DATA SEGMENT →
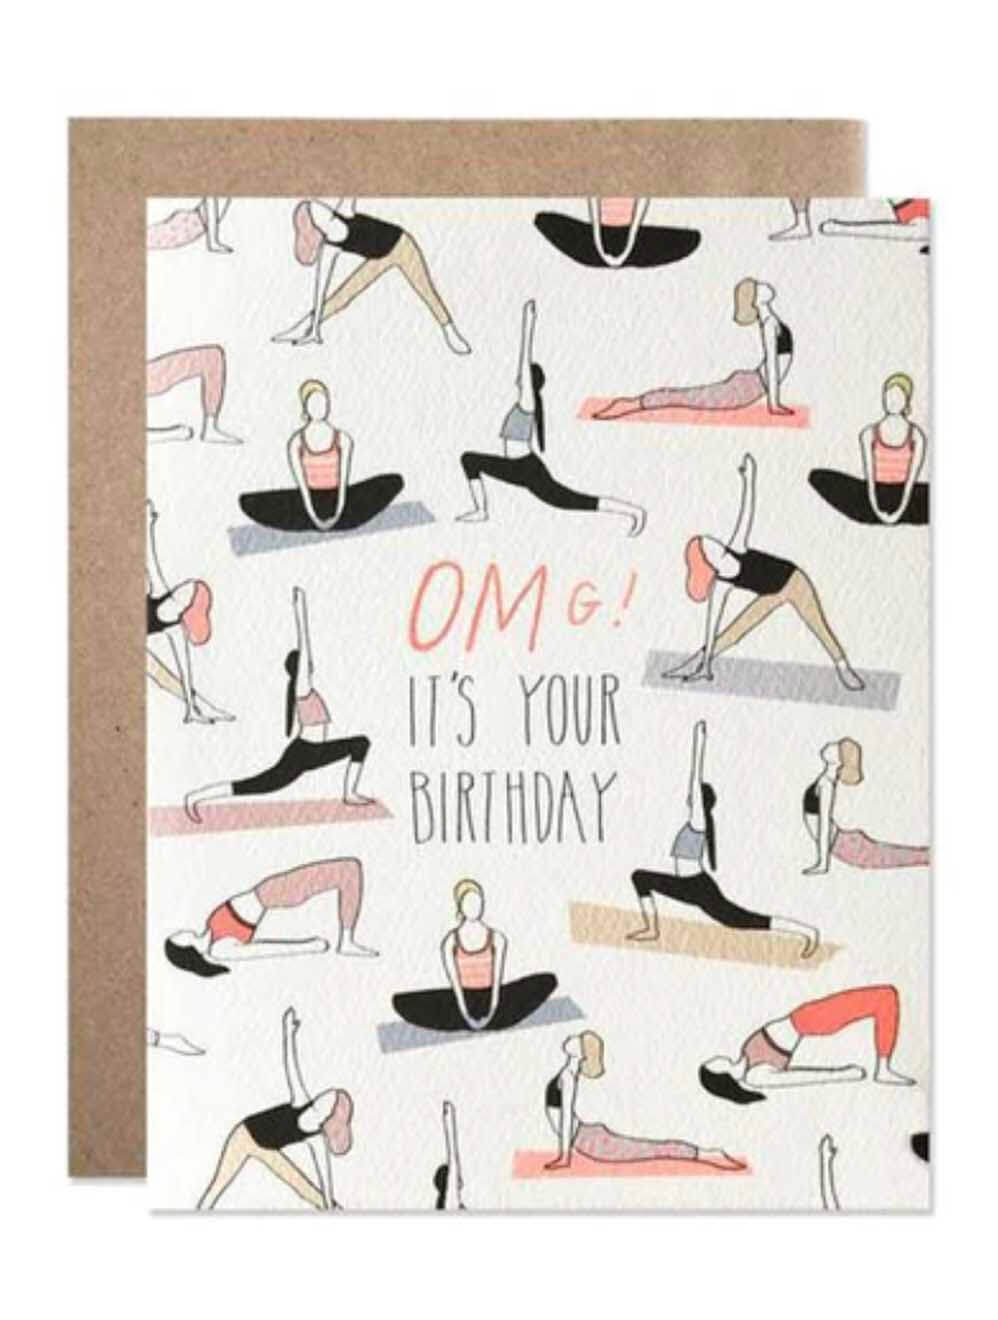 OMG! Yoga Birthday Card
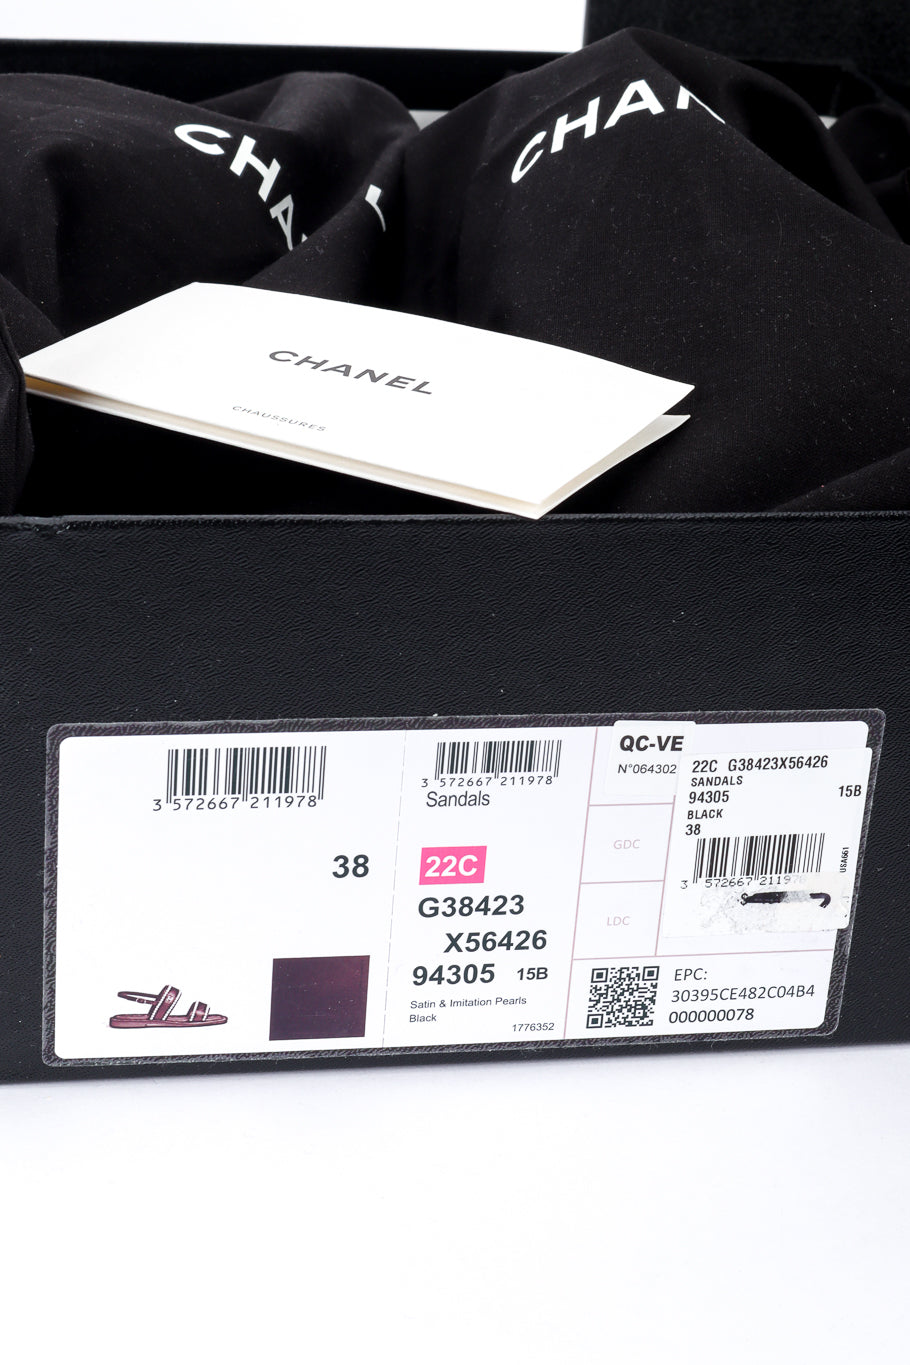 Chanel CC Satin & Pearl Sandals box details closeup @recess la
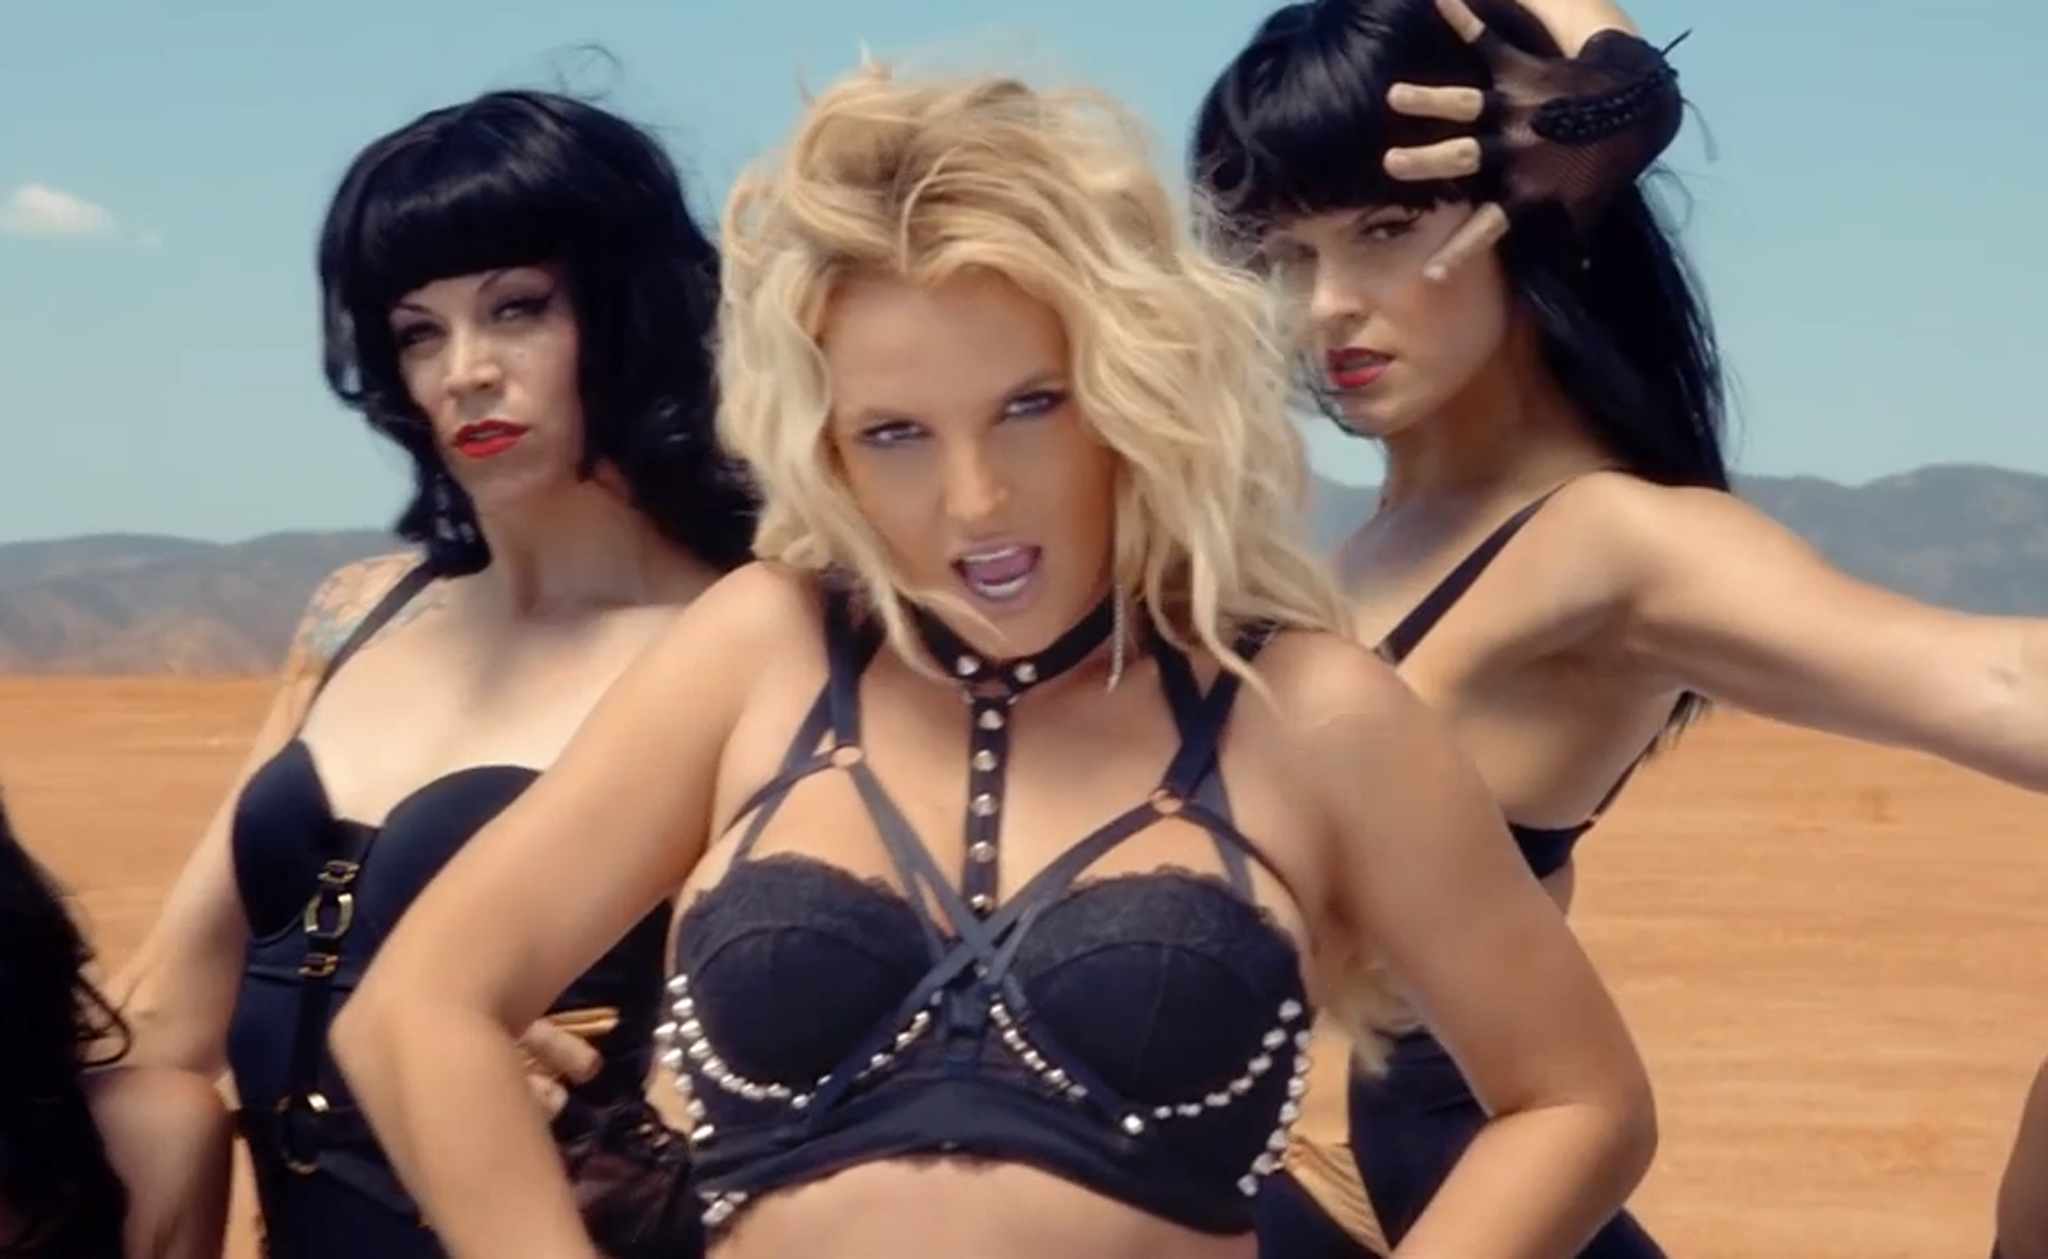 Britney Spears feels pressured to make hypersexualised music videos, here performing in "Work B***ch"

PROBLEM DESCRIPTION →
Give the lines from the one containing "Chanel CC Satin" through the last line of the material again, exactly and with no pictures, both ends included.

ANSWER SPACE →
 Chanel CC Satin & Pearl Sandals box details closeup @recess la
 Britney Spears feels pressured to make hypersexualised music videos, here performing in "Work B***ch"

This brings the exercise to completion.